● Data provided
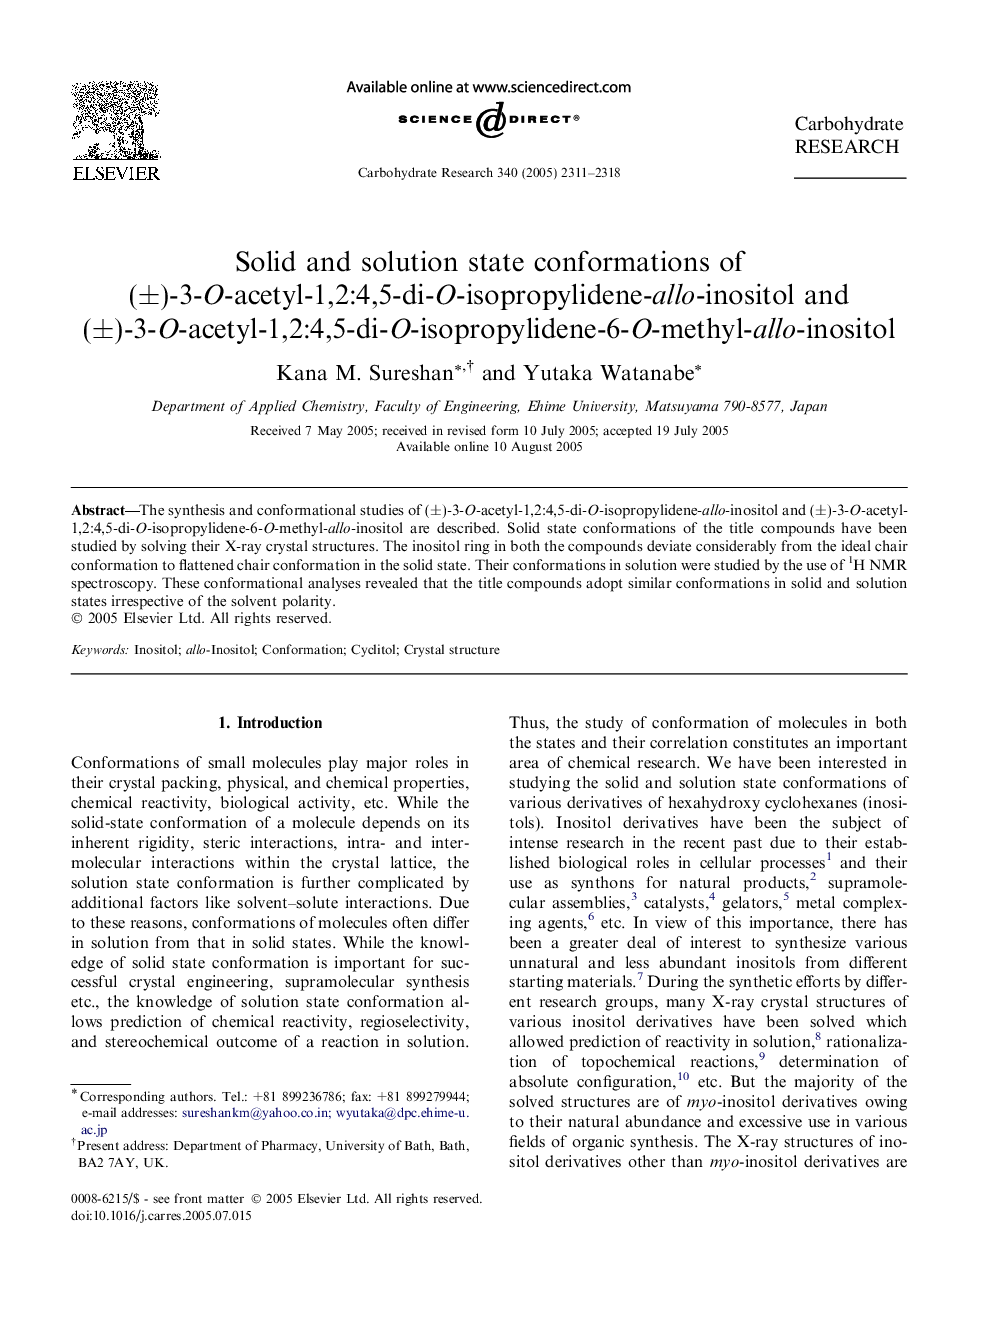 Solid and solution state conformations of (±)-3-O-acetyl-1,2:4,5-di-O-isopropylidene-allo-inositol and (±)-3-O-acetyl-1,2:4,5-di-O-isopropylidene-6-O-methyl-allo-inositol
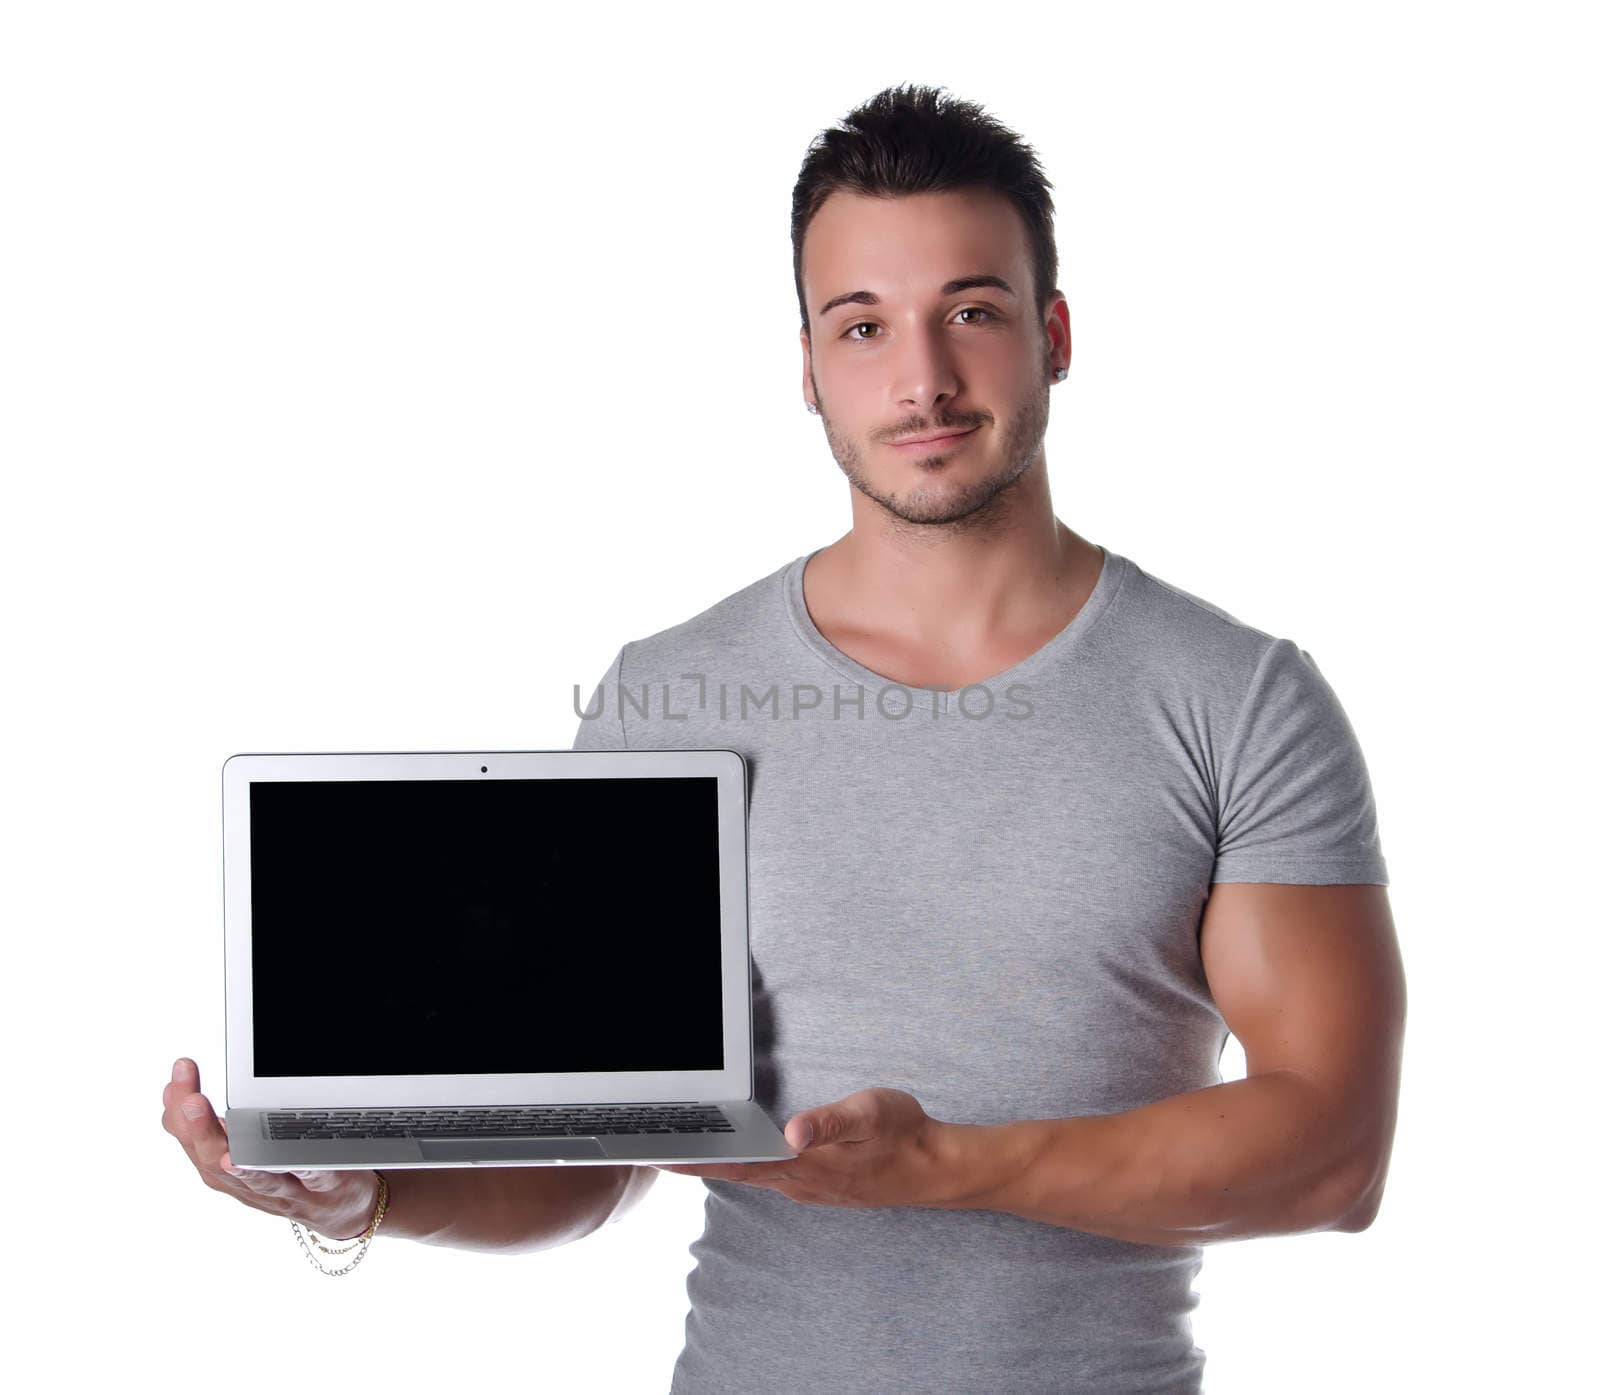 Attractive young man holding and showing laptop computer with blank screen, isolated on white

--

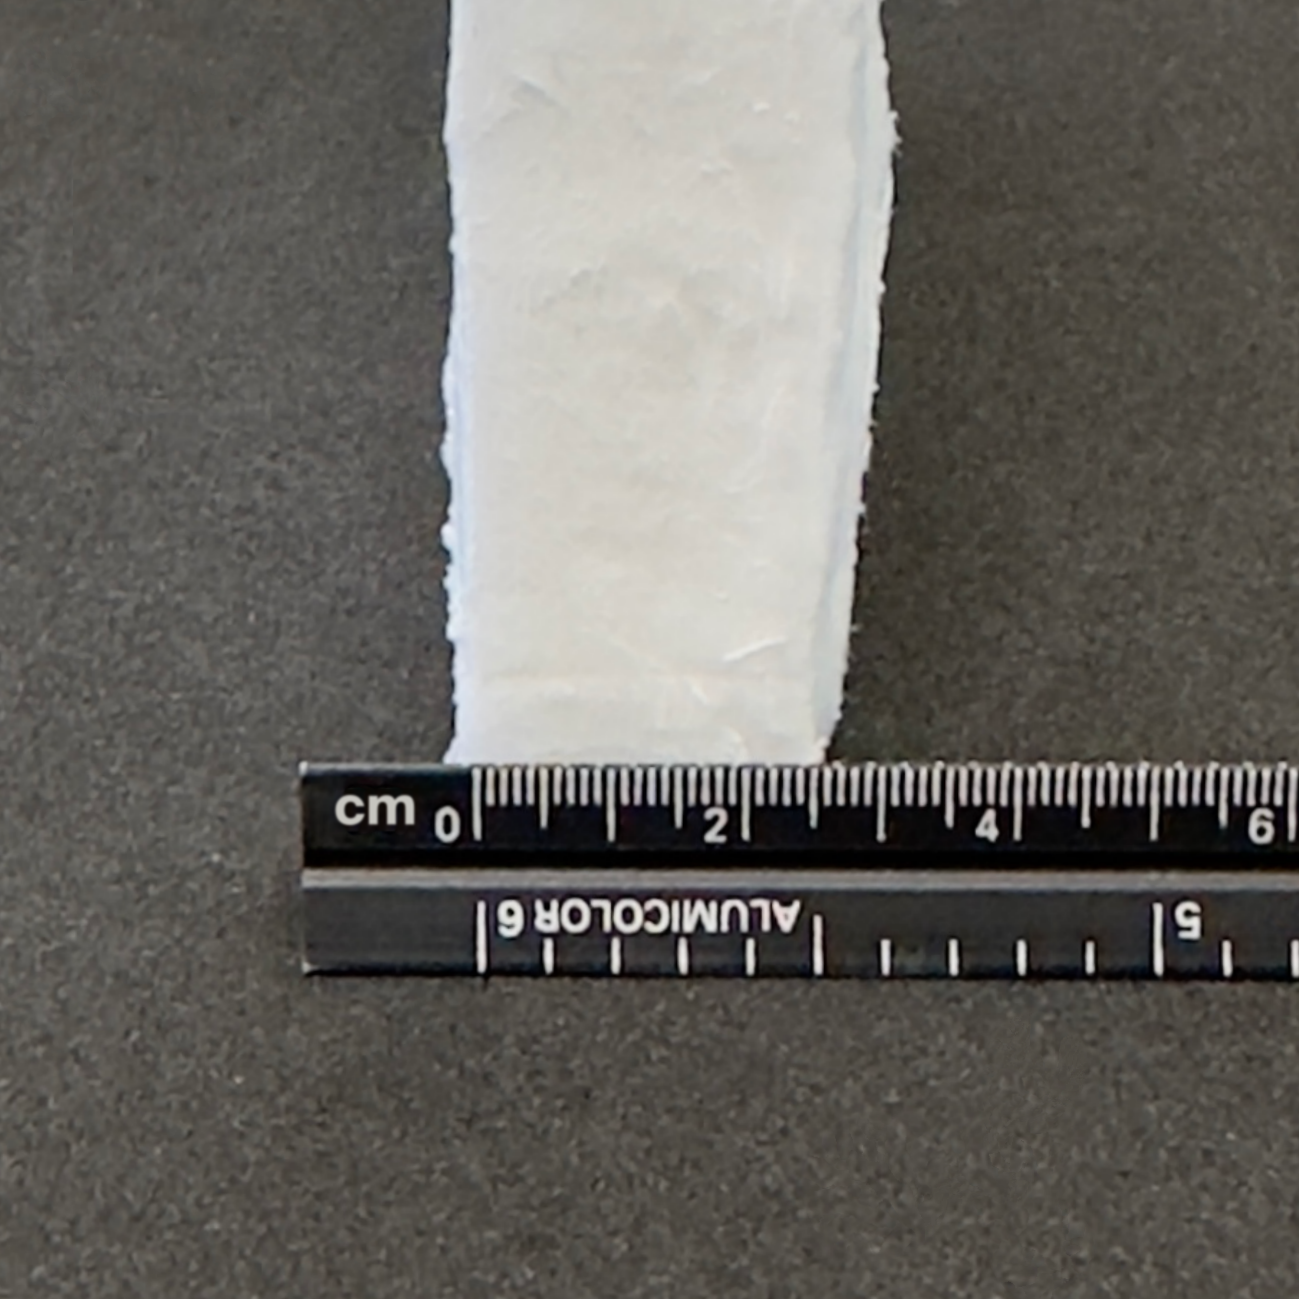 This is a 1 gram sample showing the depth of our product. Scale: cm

● What to do
Reproduce exactly the lines above starting at the line containing "Solid and solution" and ending at the line containing "Attractive young man", including both, but not the pictures.

● Response for this exercise
 Solid and solution state conformations of (±)-3-O-acetyl-1,2:4,5-di-O-isopropylidene-allo-inositol and (±)-3-O-acetyl-1,2:4,5-di-O-isopropylidene-6-O-methyl-allo-inositol
 Attractive young man holding and showing laptop computer with blank screen, isolated on white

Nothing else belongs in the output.